Project to build and train a DCGAN

In [1]:
import tensorflow as tf
from tensorflow import keras
print('tensorflow version: {}'.format(tf.__version__))
print('keras version: {}'.format(keras.__version__))
print('GPU: {}'.format(tf.config.list_physical_devices('GPU')))

tensorflow version: 2.2.0-dev20200319
keras version: 2.2.4-tf
GPU: [PhysicalDevice(name='/physical_device:GPU:0', device_type='GPU')]


In [2]:
import time
import matplotlib.pyplot as plt
import numpy as np

While in this project, we ultimately wish to train the GAN on the [lfw](https://www.tensorflow.org/datasets/catalog/lfw) dataset to make it generate human faces, we will start small and train it on the Fashion-MNIST for practice.

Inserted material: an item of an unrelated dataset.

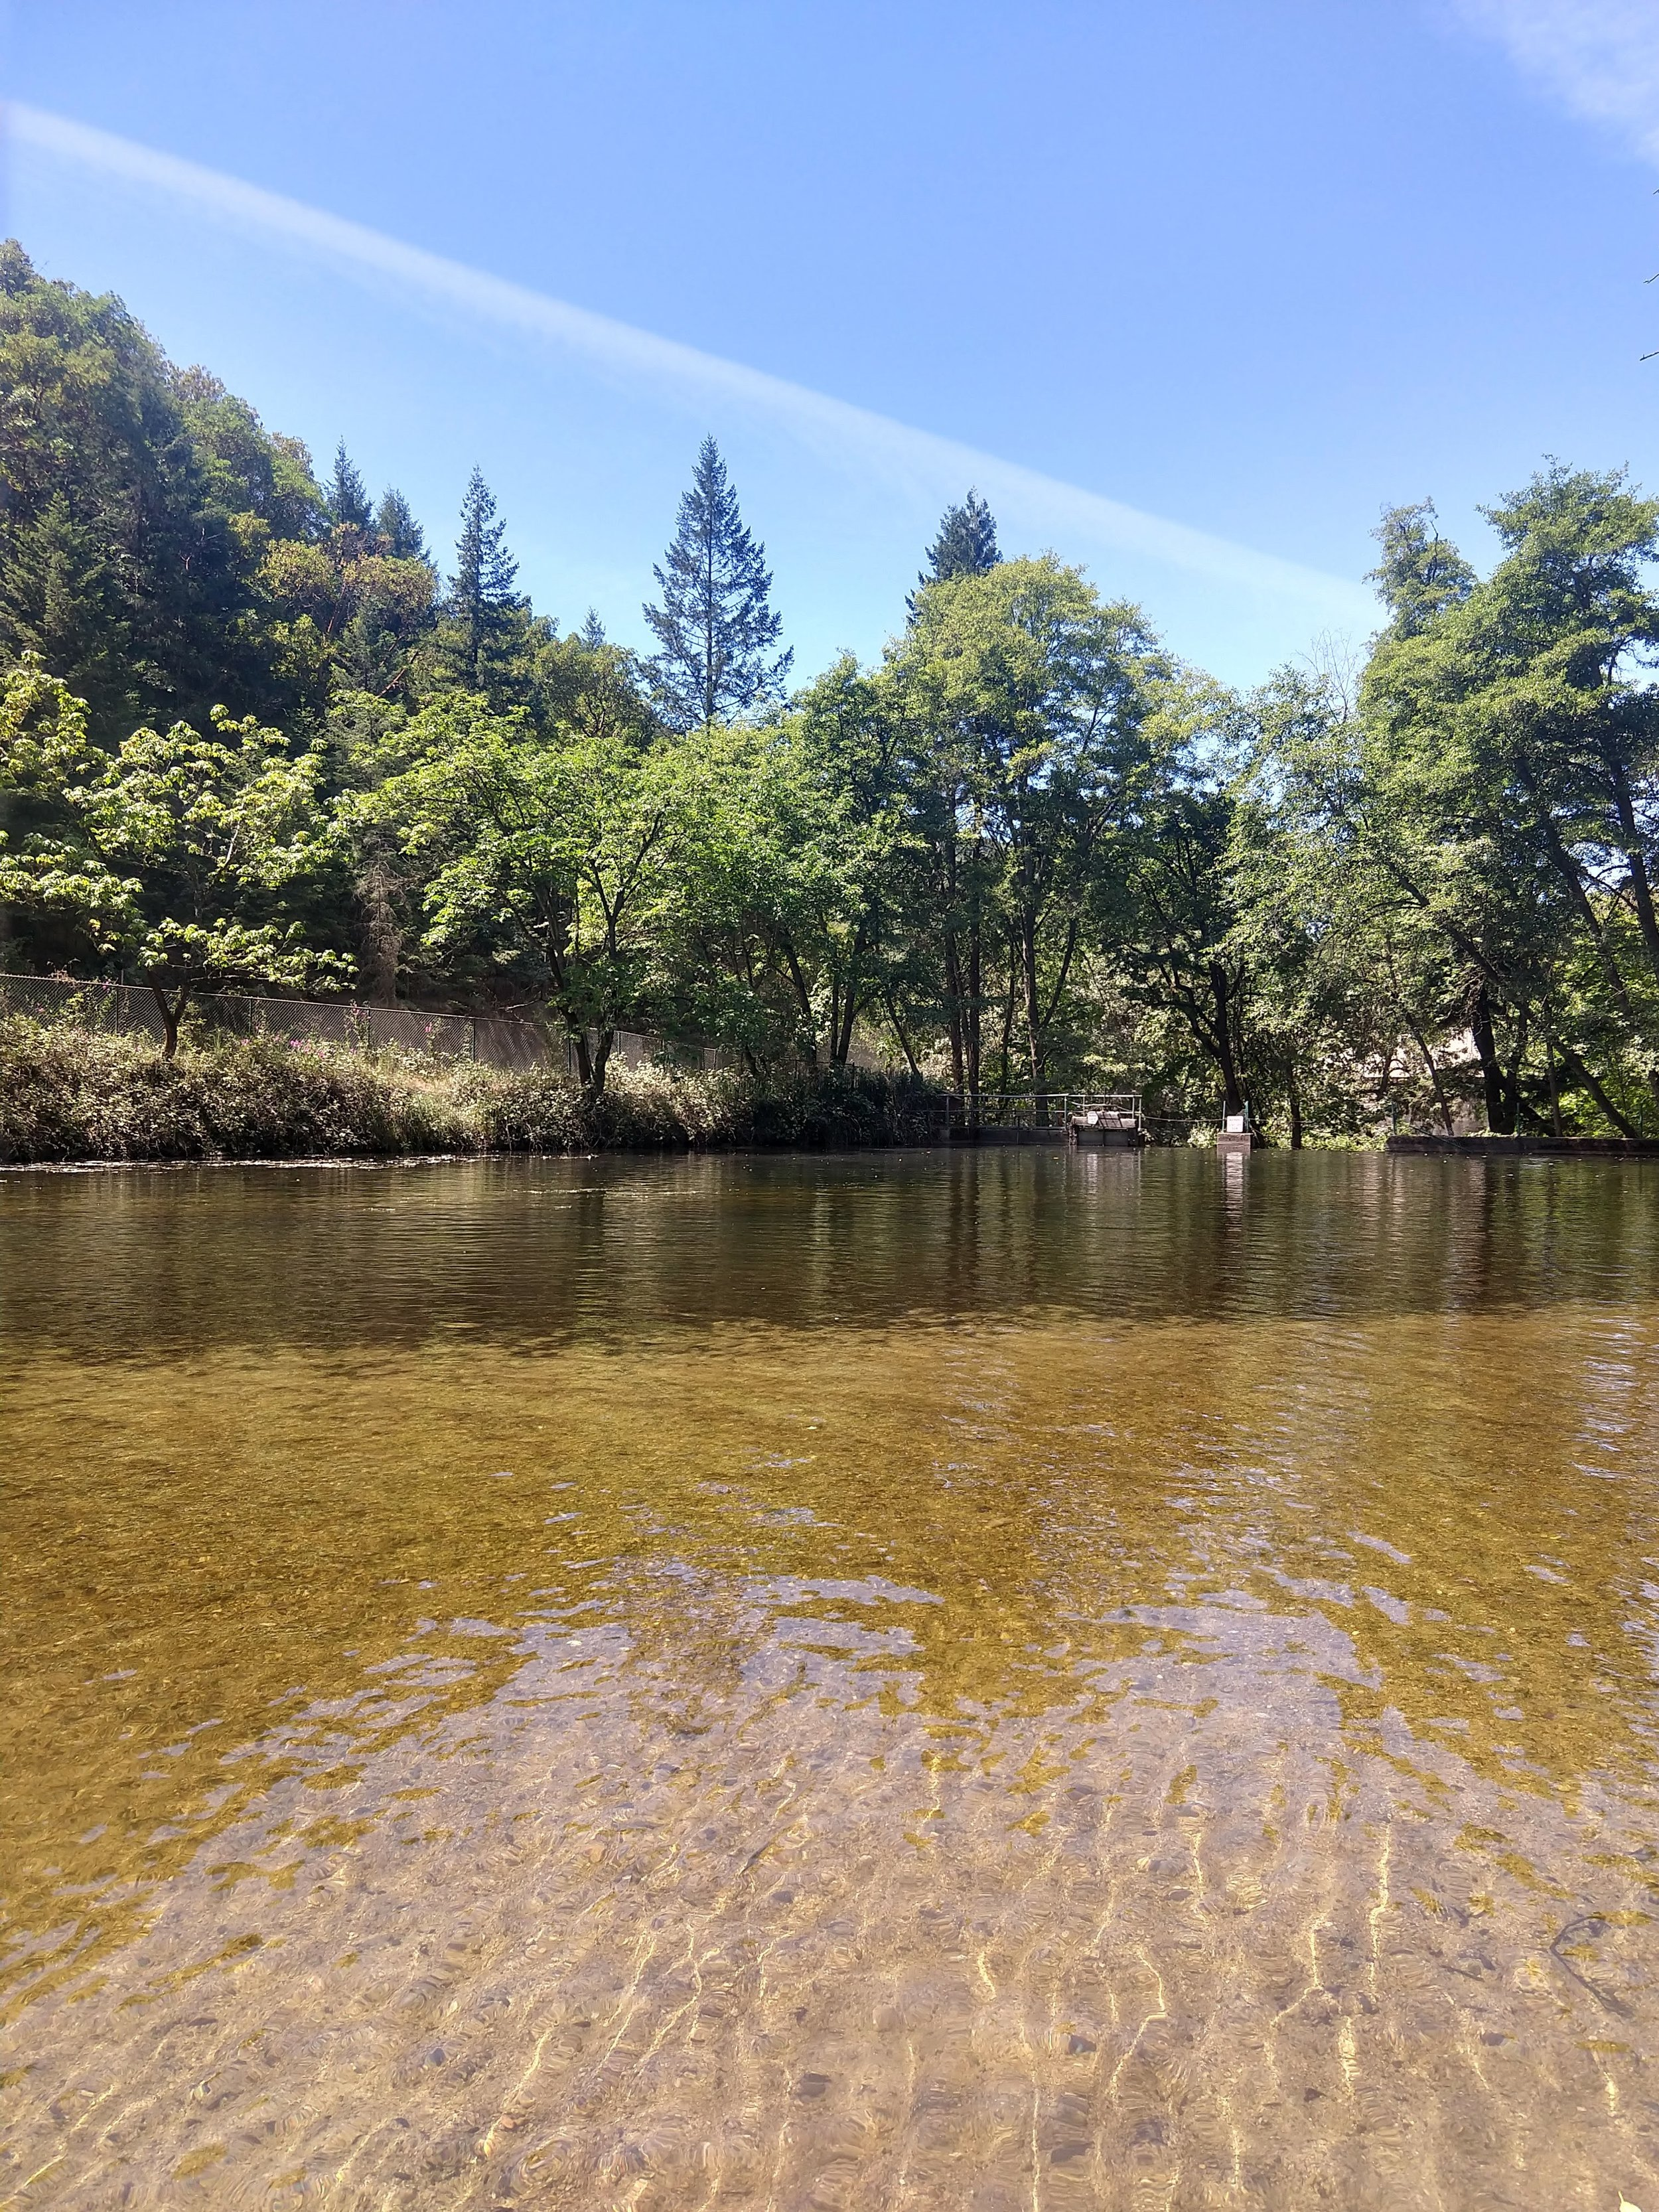 Granite Street Creek Reservoir above Lithia Park in Ashland, Oregon.

Once that works, we will try to build upon our acquired knowledge to train on the lfw dataset. 

## load the Fashion-MNIST dataset

In [3]:
fashion_mnist = keras.datasets.fashion_mnist
(X_train, _), (_,_) = fashion_mnist.load_data()

In [4]:
print('shape of X_train: {}'.format(X_train.shape))
print('max pixel value: {}'.format(X_train.max()))
print('min pixel value: {}'.format(X_train.min()))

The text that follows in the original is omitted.